The past is not always a prologue to the future. But looking at some of the big winners and losers of 2010 does provide some strong hints of a positive 2011.
The biggest winner last year was the Tea Party, which shellacked President Obama in the election. Mr. Obama becomes the biggest loser. And the economy and stock market will be the beneficiaries.
The elections were the first major step toward restoring free-market capitalism and rolling back big-government controls, planning, and spending. This is a money-politics issue. Stocks roared 20 percent during the second half of last year, as markets sniffed out the huge political change. Post-election, stocks also had a big move, finishing the year at better than two-year highs — going all the way back to pre-Lehman Brothers.
Sure, there were important economic factors involved. Europe didn’t fall apart. The dollar didn’t collapse. And better U.S. economic numbers started coming in. (Double-dip bears also were big losers last year.) But rising political confidence helped, too.
The emergence of Tea Party free-market populism — what I call Reaganomics 2.0 — is hugely bullish for stocks and the economy in 2011. Recall that in mid-December the Bush tax rates were extended and the earmarked omnibus-spending monstrosity was withdrawn. These were bullish events for producers and investors that may have pulled the curtain down on Obamanomics.
And now it’s fascinating to watch the money-politics dynamic continue. On a recent Sunday talk show, top Obama economic advisor Austan Goolsbee sounded like a Reagan disciple. “You’ve got direct incentives for companies to invest in the country,” he said. And he went on to describe a new Obama economic model that sounds suspiciously supply-side: “The focus has got to be on investment, on exports, and on innovation. . . . The president is firmly in that — planted in that camp — and we are going to grow our way out of this.” (Hat tip to economist Don Luskin.)
As noted, Obama agreed to freezing top marginal tax rates on all personal incomes and on capital-gains and dividend investment. But now there’s major talk that the Obama budget will include a sizable corporate tax cut in return for ending unnecessary loopholes and deductions. Business has been clamoring for this. Hopefully it will include a territorial tax provision to end the double tax on foreign earnings. Equally important, the100 percent business-expensing provision of the recent tax compromise might be made permanent.
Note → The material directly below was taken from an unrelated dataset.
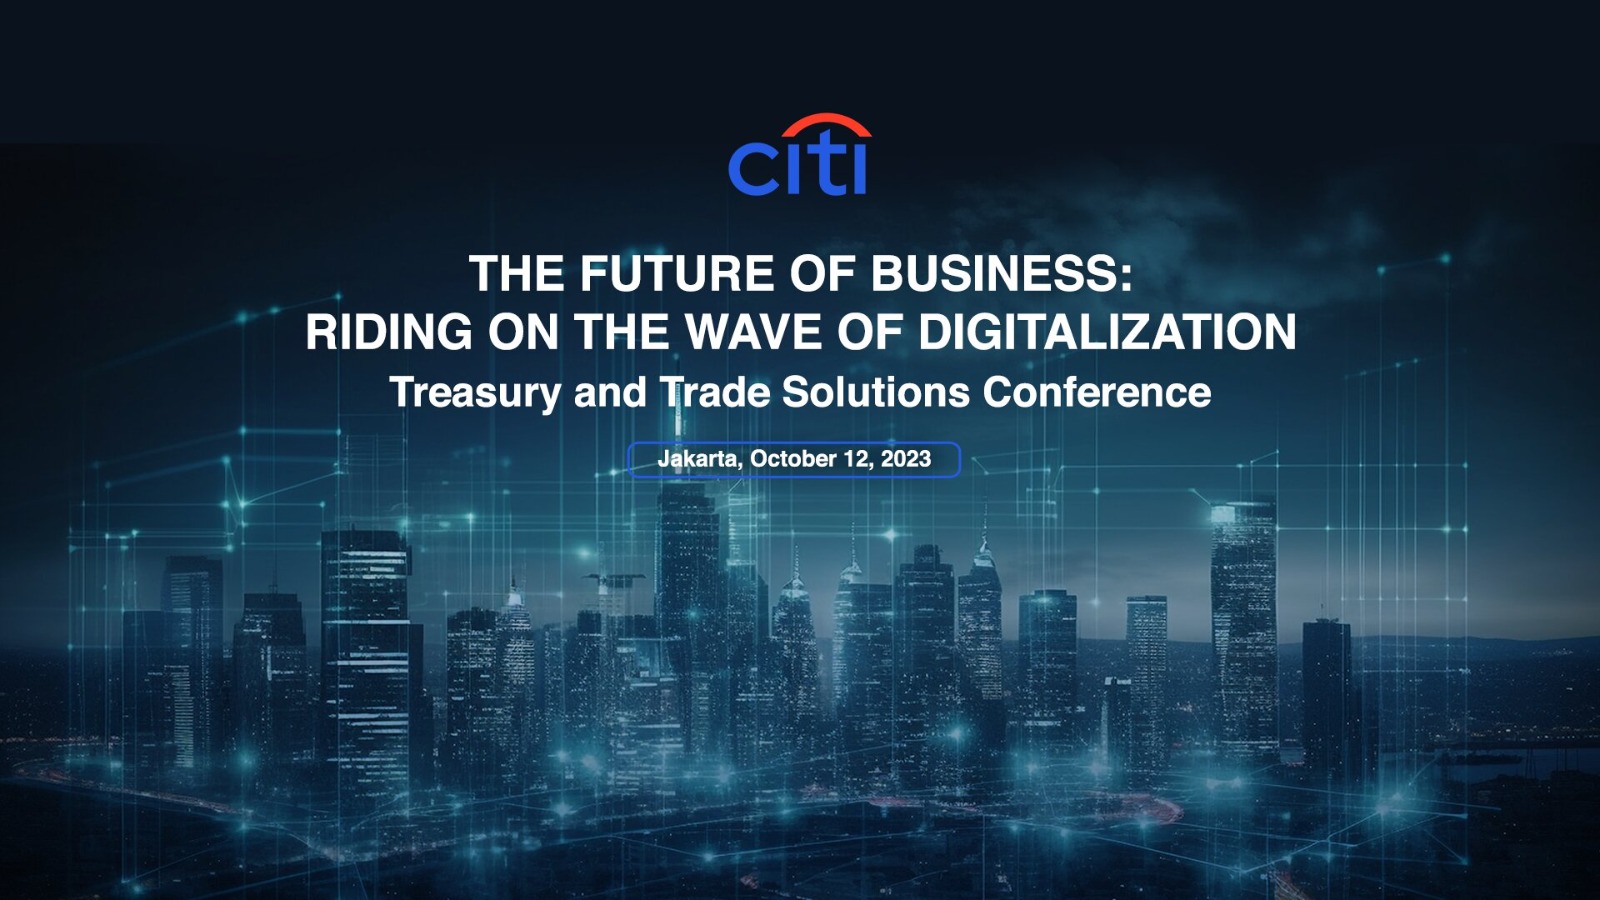 TTS CONFERENCE “THE FUTURE OF BUSINESS: RIDING ON THE WAVE OF DIGITALIZATION”
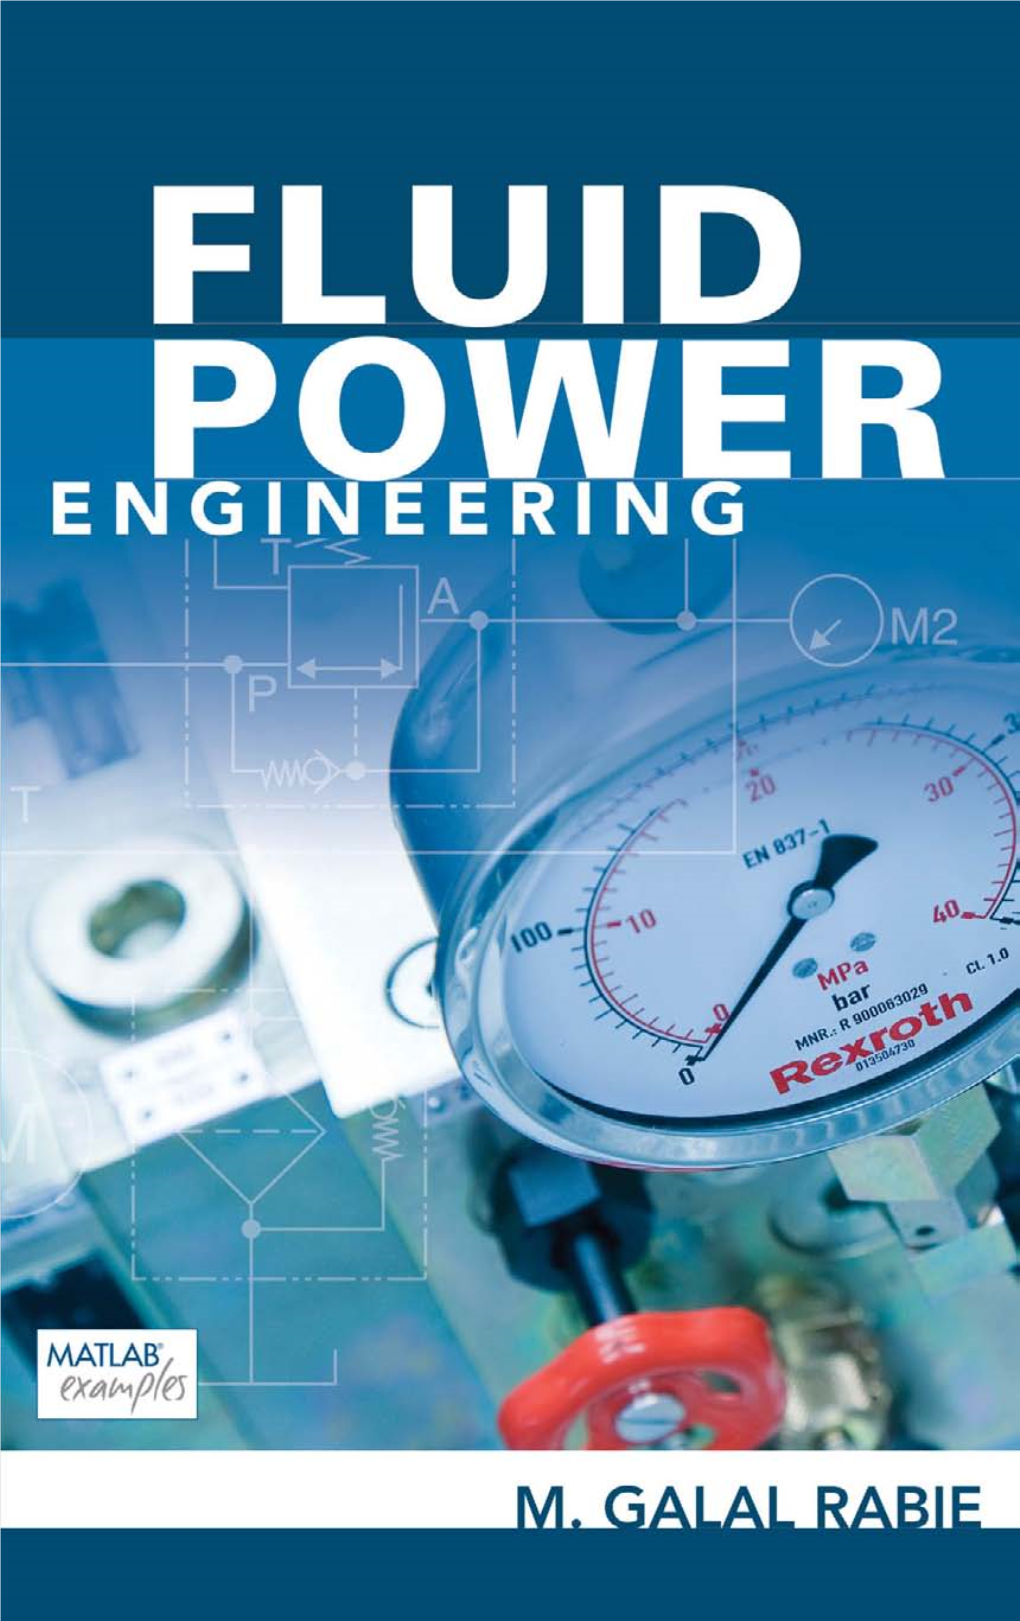 Fluid Power Engineering This Page Intentionally Left Blank Fluid Power Engineering

Reagan couldn’t have said it any better. Surging business investment from a lower tax cost of capital and higher investment returns is a surefire job creator.
Of course, as the Gipper also would say, trust but verify: We’ll have to see the fine print of any such Obama proposal. Crucially, corporate tax reform must be revenue neutral, not a tax hike. But at this moment I am willing to trust the U-turn of Team Obama toward an incentive model of growth.
And there are plenty of stories coming out of Washington about Obama reading Ronald Reagan biographies, which presumably include the pro-growth tax reform of 1986 and surely mention that Reagan himself was a student of the John Kennedy tax reforms that slashed tax rates across-the-board.
The point is, if Team Obama is moving towards an entrepreneurial incentive model of growth, and away from the false consumption model of big-government spending, it’s very good news. Already we have seen a new free-trade initiative. And there’s even talk of broad-based, personal-income tax-rate flattening that could be part of a big-bang tax-reform package.
And the congressional momentum is decidedly toward lower spending. Without question there’s going to be a huge budget-cutting exercise led by Paul Ryan in the House and Jeff Sessions in the Senate. Sen. Jim DeMint wants a showdown over the debt ceiling in order to force some kind of balanced-budget amendment. And Sen. Bob Corker has taken the bit in order to build a bipartisan group to make sure that Republicans a spending cap in exchange for raising the debt ceiling.
Keynesians do not understand the pro-growth benefits of lower government spending. But any time government resource absorption is reduced, potential investment for the private sector is unleashed.
Yes, once again, we must trust but verify. And there are going to be huge battles ahead over Obamacare and EPA regulation, both of which are anti-growth. But for starters in the new year, carrying over from the November elections, at least fiscal policy appears to be moving in a positive pro-growth direction.
No wonder stocks rallied almost 100 points in the first 2011 trading day. The Gipper must be smiling about all this.